_About this task_
Find "Architectural Digest |" in the material below, then write out that line and every line after it exactly, ending with the last one; skip the pictures.

_Information provided_

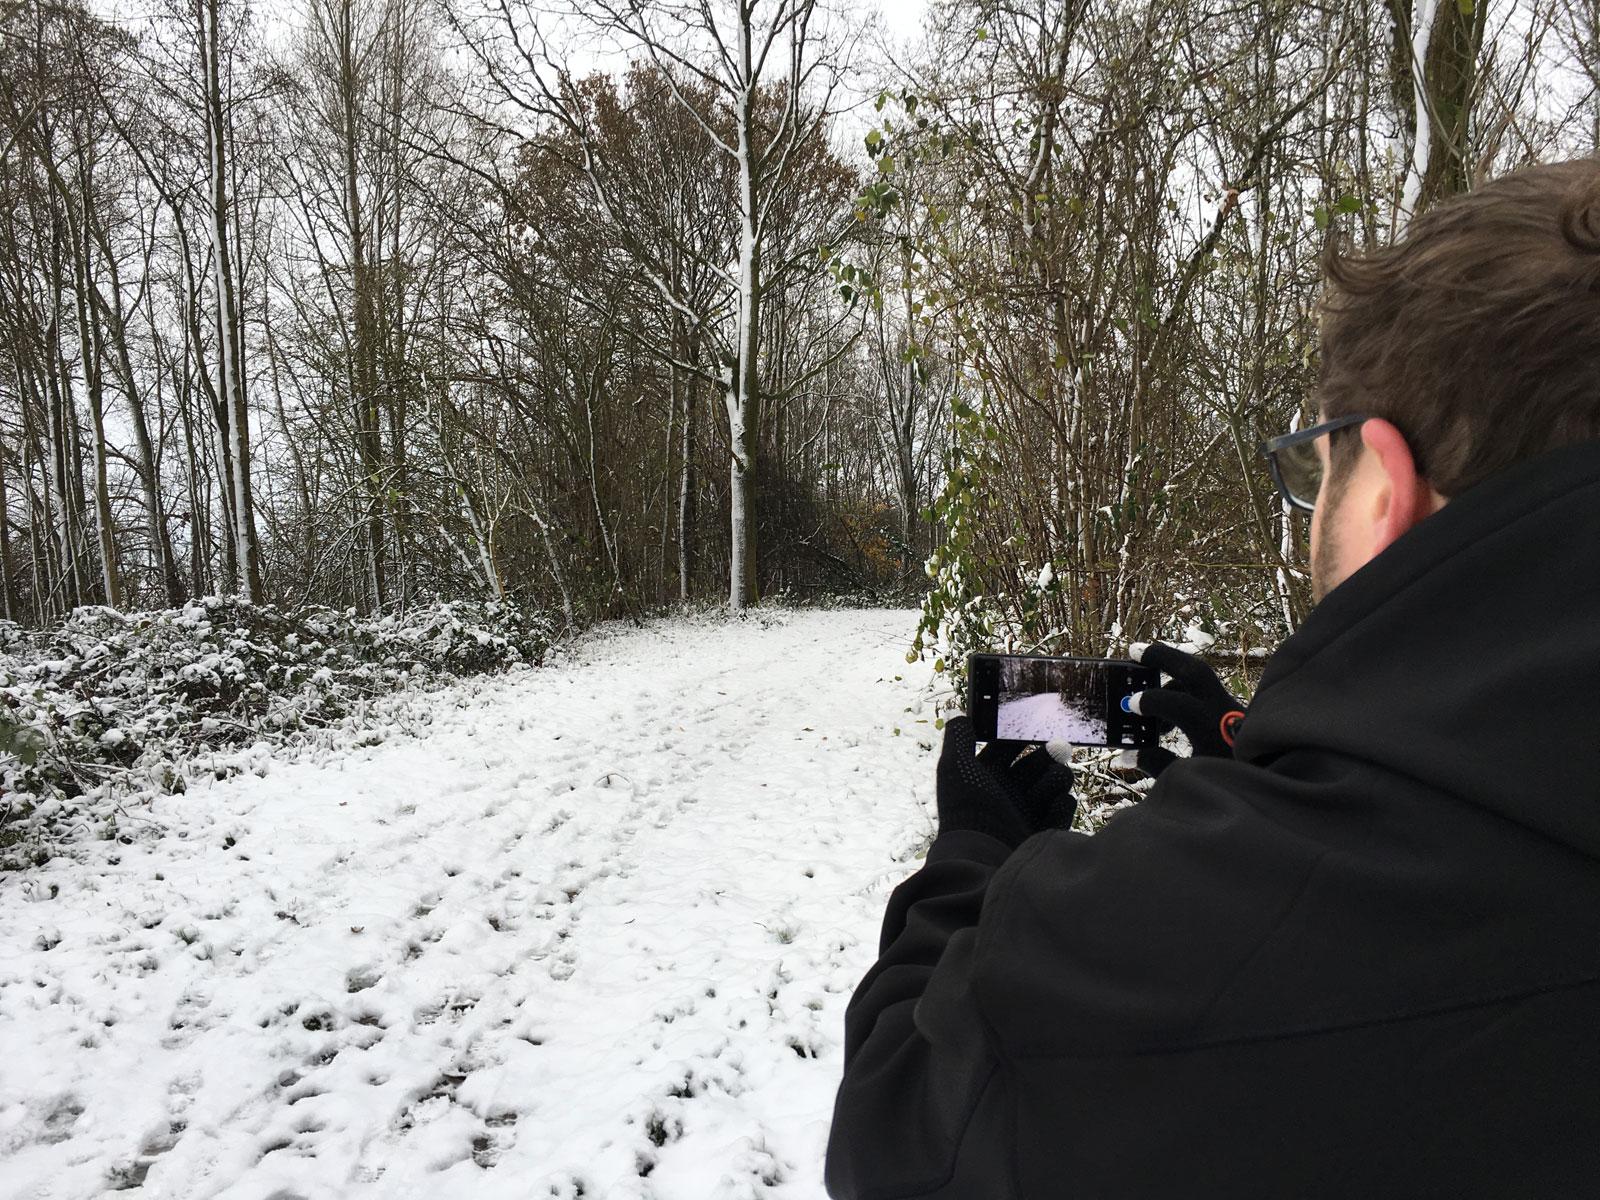 foto maken buiten in sneeuw
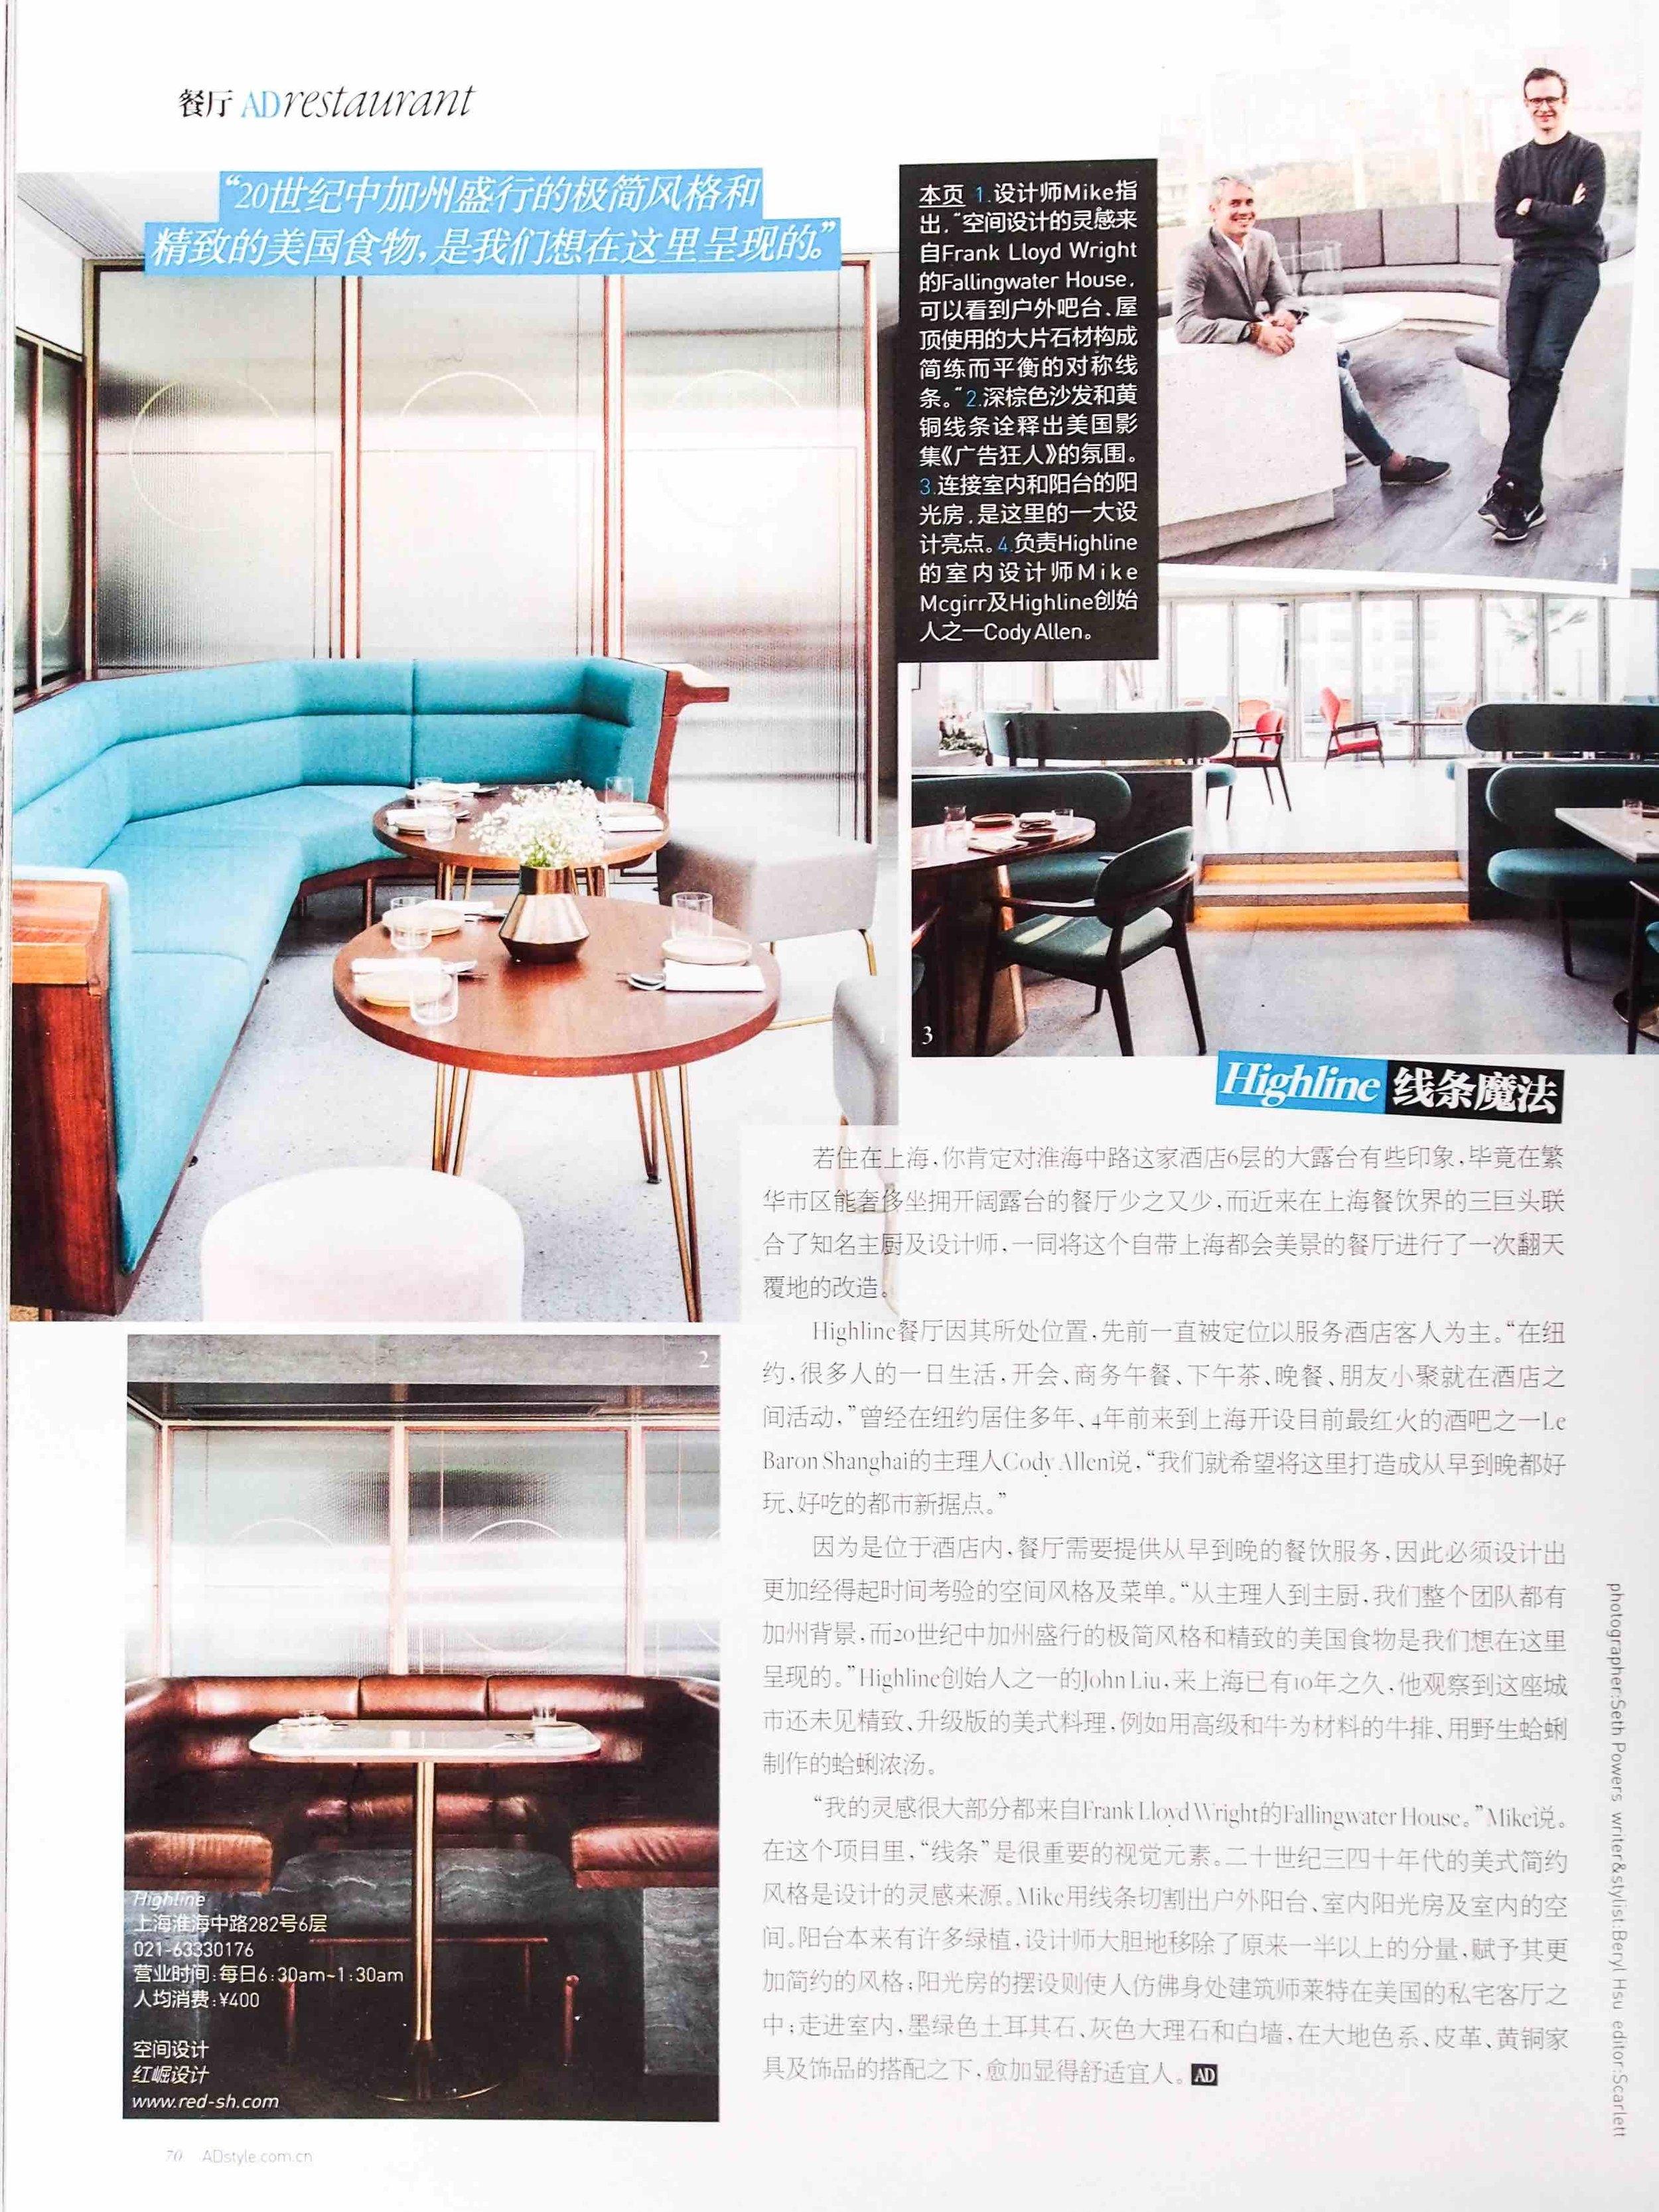 Architectural Digest | April 2017 - Highline | Red Design
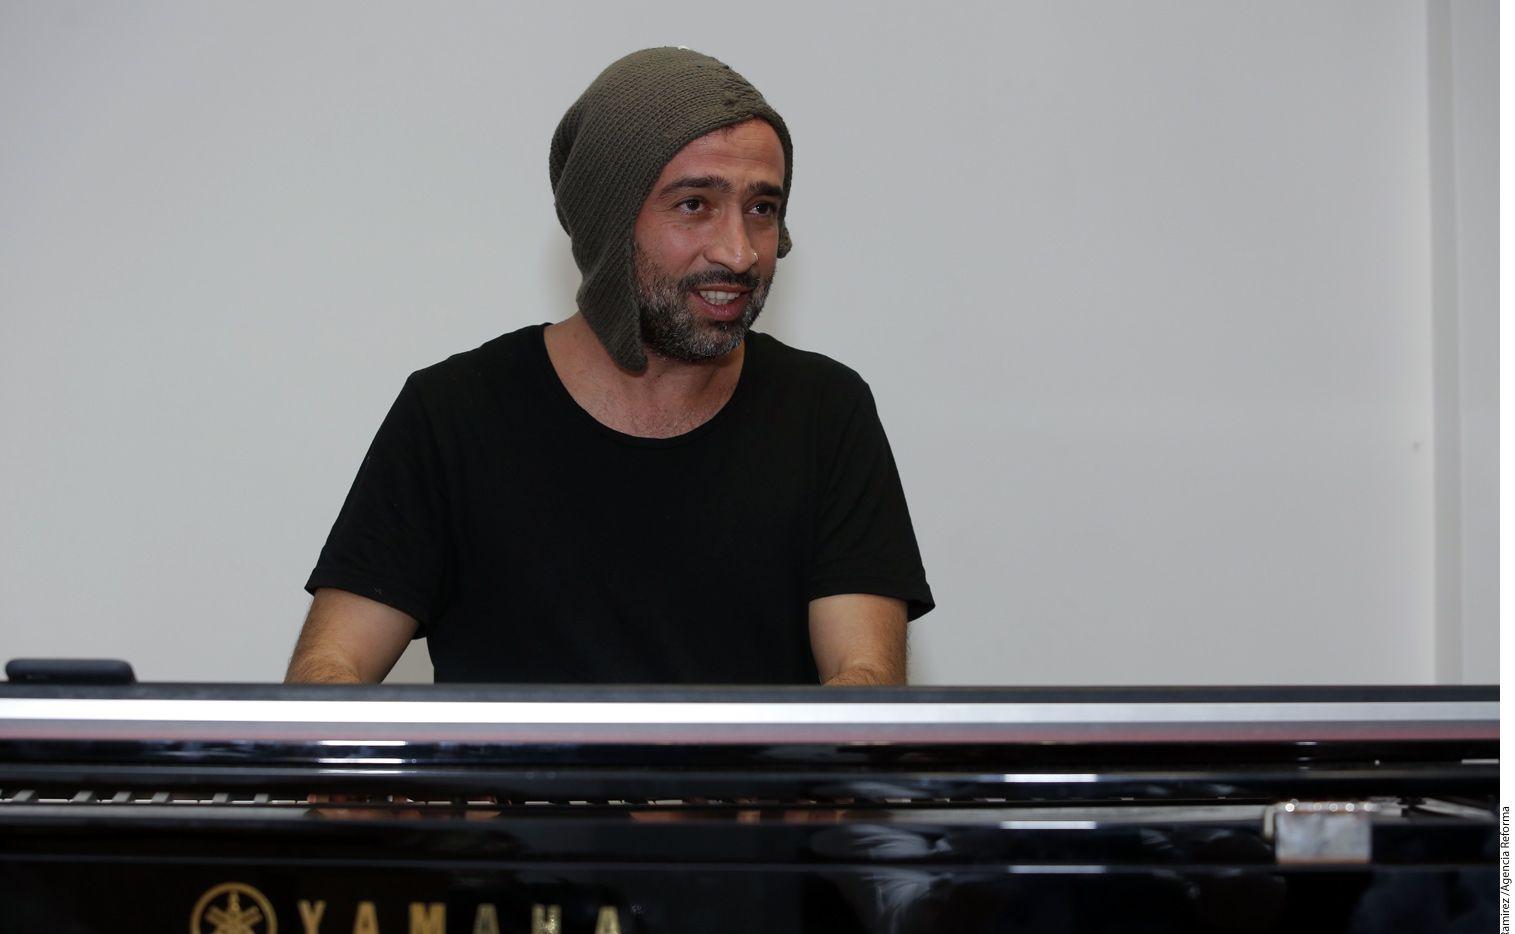 Mario Domm, líder de Camila, piensa que las plataformas musicales no dan a los músicos el lugar que se merecen./AGENCIA REFORMA

_Answer section_
 Architectural Digest | April 2017 - Highline | Red Design
 Mario Domm, líder de Camila, piensa que las plataformas musicales no dan a los músicos el lugar que se merecen./AGENCIA REFORMA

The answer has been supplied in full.